Indeed, several of those who have captured titles in the previous 79 events gathered on Tuesday night at the Parkersburg Country Club, where the 80th annual event gets under way today.
But there was something different about this dinner.
In addition to honoring the past champions, golfers from around the state gathered to celebrate the life of long-time PCC professional Larry Martin, who passed away last year.
Martin is regarded as the founder of the state’s youth golf program, as 29 years ago he started the 7-11 Tour which boasted 54 players in its initial year. Today, the Callaway Junior Tour has more than 400 players across the Mountain State.
“Larry was motivated to provide those who wanted to play the game of golf the opportunity to play competitively without sacrificing the family fortunes,” said Philip A. Reale, whose two sons took advantage of what Martin offered.
Martin is perhaps the most-decorated golf professional in West Virginia history. He won the Tri State PGA Pro of the Year Award 10 times.
Martin was eulogized by PCC member Jim Hayhurst.
“Larry had a magical way of making you feel like you were his very best friend in the world when he actually had 100s of best friends,” Hayhurst said.
Martin built a reputation as being a workaholic.
“He approached his job as if he were the owner,” Hayhurst said. “He was totally involved in every detail. His fingerprints are all over the Parkersburg Country Club..”
Hayhurst said when Martin arrived at PCC, the club was operating at a deficit. Once Martin took over, he generated more than $5 million without incurring any debt.
With members of the Martin family looking on, officials unveiled a portrait of Martin. It not includes his dog Whiff but also appropriately features youth golfers in the background.
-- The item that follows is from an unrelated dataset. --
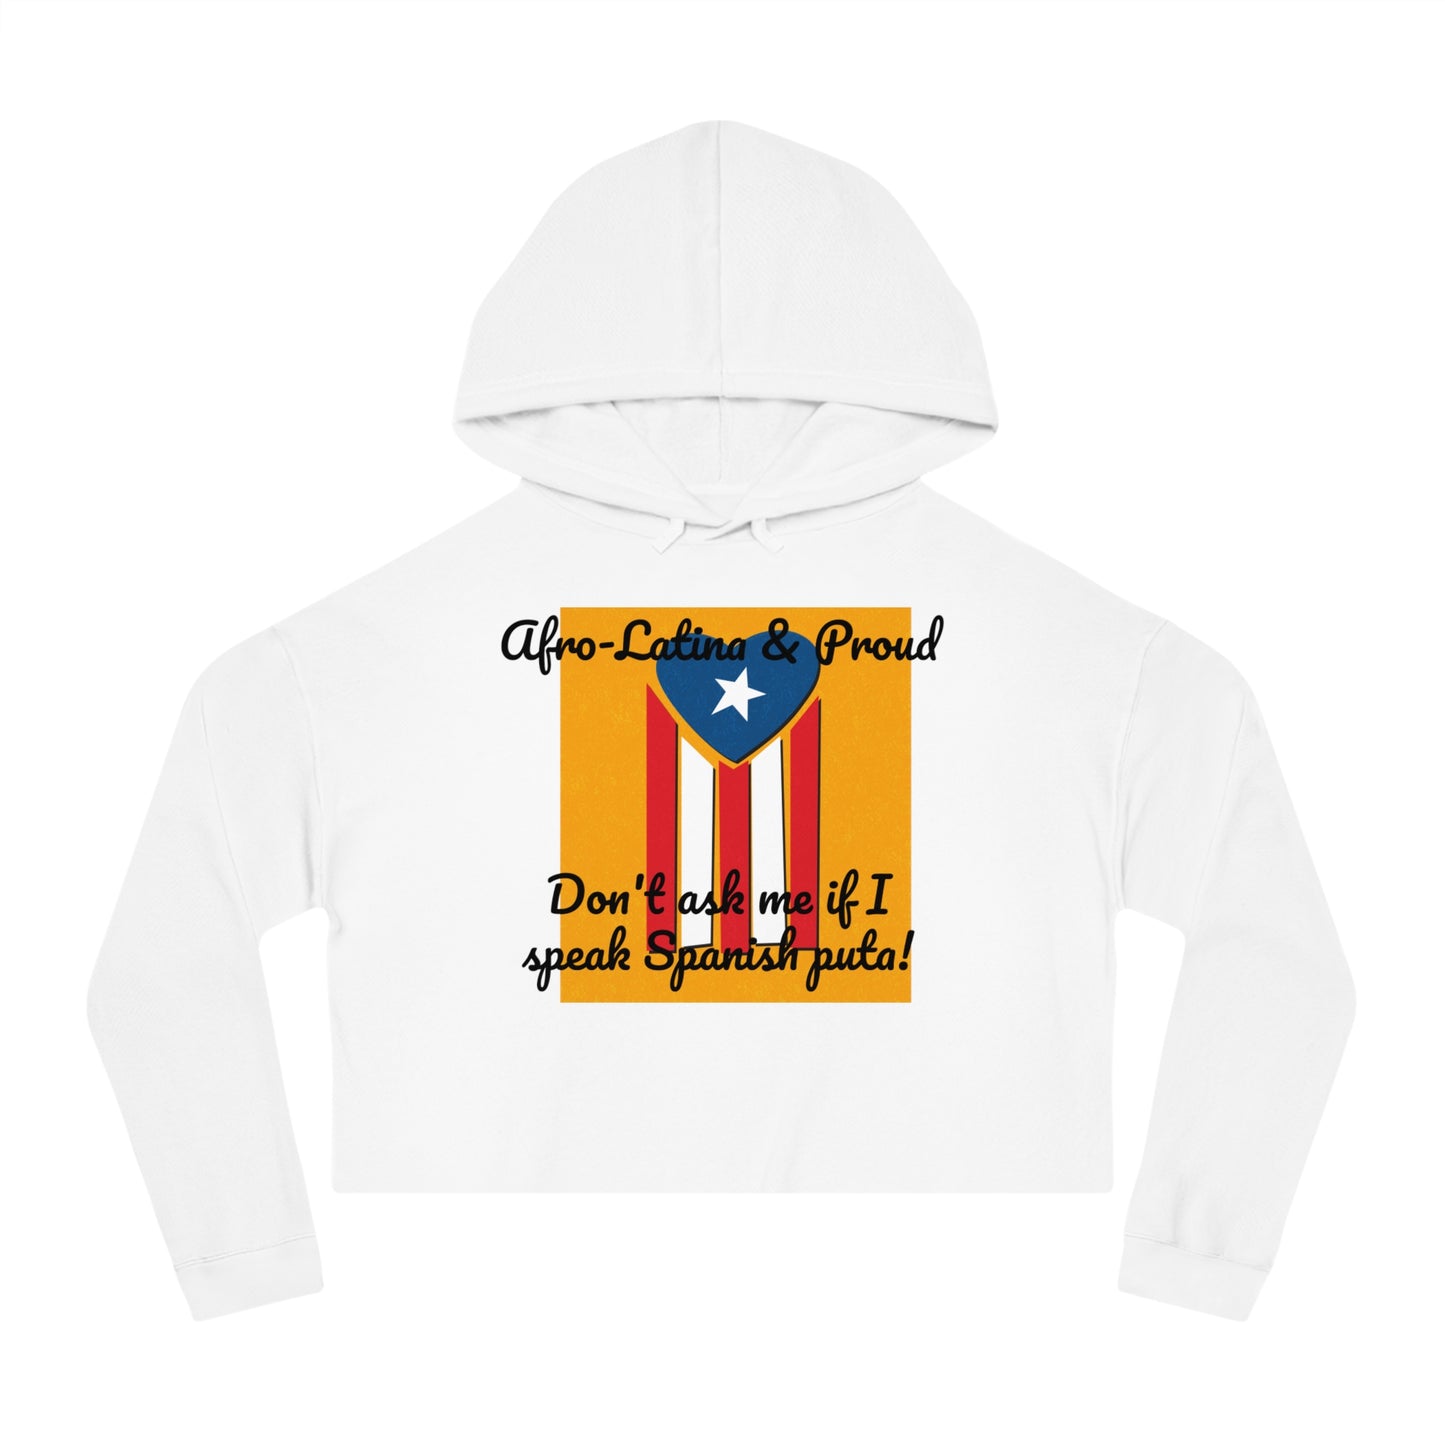 Don't Ask Me if I Speak Spanish Puta Women’s Cropped Hooded Sweatshirt
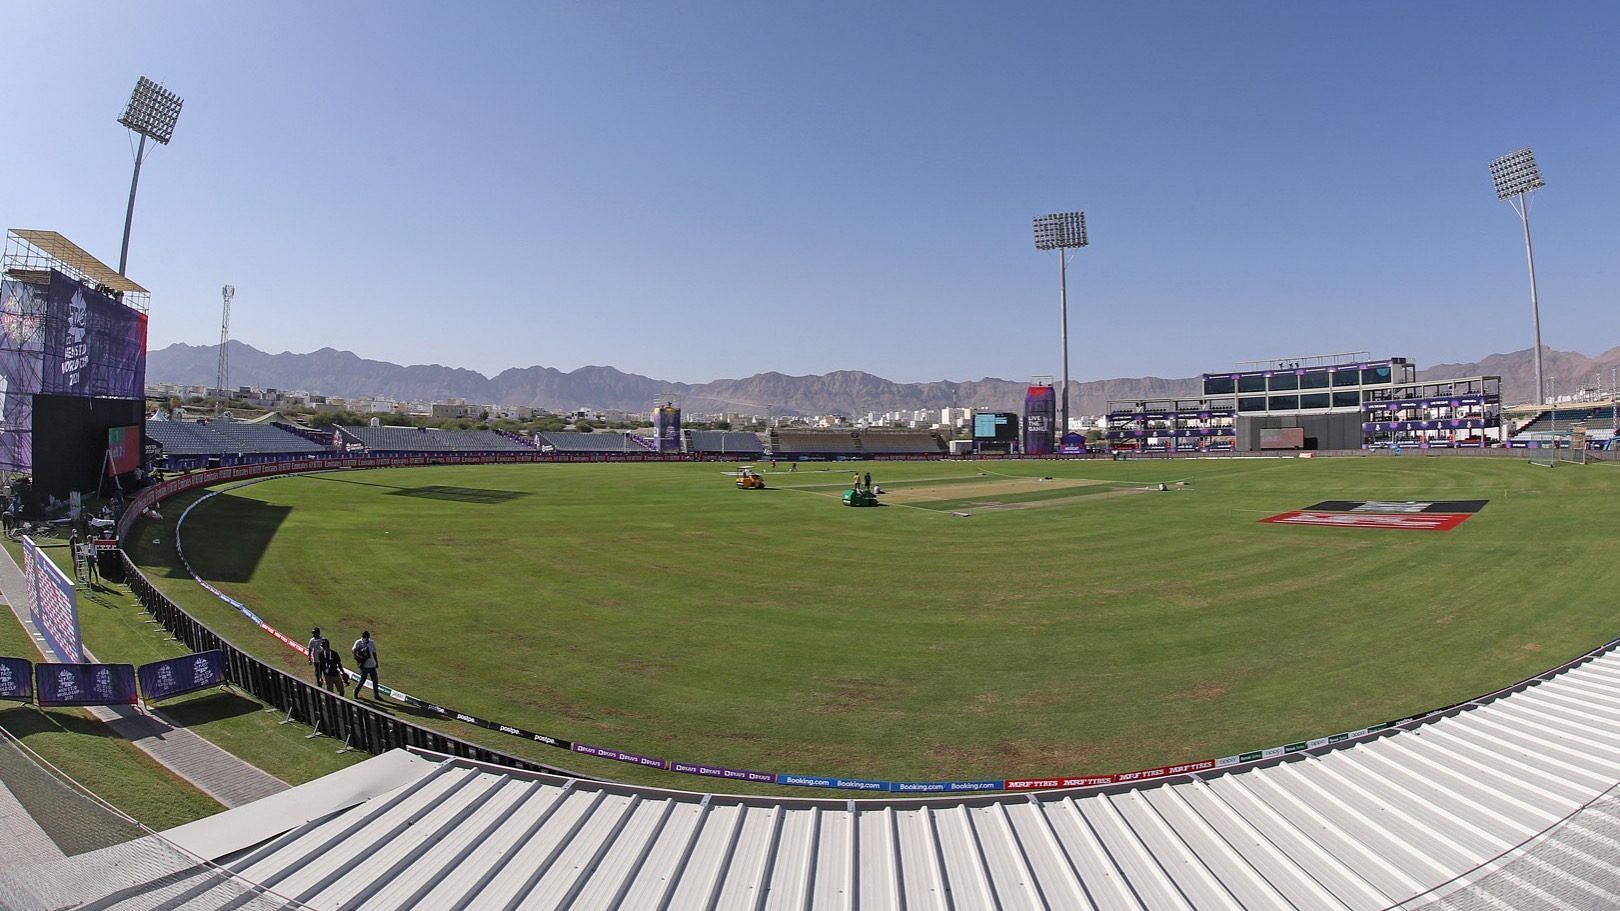 A view of the Al Amerat Cricket Ground, Oman, venue for the Oman D10 League

Martin immediately established a code of conduct for the youth who participated in his program as well as those who worked for him. He demanded respect, responsibility and made sure the words “please” and “thank you” were part of their everyday vocabulary.
Hayhurst described Martin as “the king of the one-liners.” Martin invariably would serve as the MC for tournaments at PCC and he was merciless in handing out the awards.
In addition to the fitting tribute to Martin, other highlights of Tuesday’s dinner included a brief history of the West Virginia Open presented by Ken Tackett, executive director of the West Virginia Golf Association. Tackett noted that not only is the his the 80th West Virginia Open but it also is the 100th year of the WVGA.
He said this marks the fourth time Parkersburg has conducted the West Virginia Open as amateur Bill Campbell won here in 1950 and 1953 and Vienna’s Jim Fankhauser claimed the championship in 1983.
Tackett said the legendary Sam Snead participated in 20 West Virginia Opens, winning 17 times.
Past champions who attended Tuesday’s ceremony included Barry Fleming (1977), Matt Cooke (1981), Harold Payne (1986, ’87, ’88 and ’93), Scott Davis (1982. ’90, ’95 and ’98), Brad Westfall (1992, ’94, 2000, ’02 and and ’03), John Ross (1997, ’99) and David Bradshaw (2006, ’08, 09, ’10 and ’11).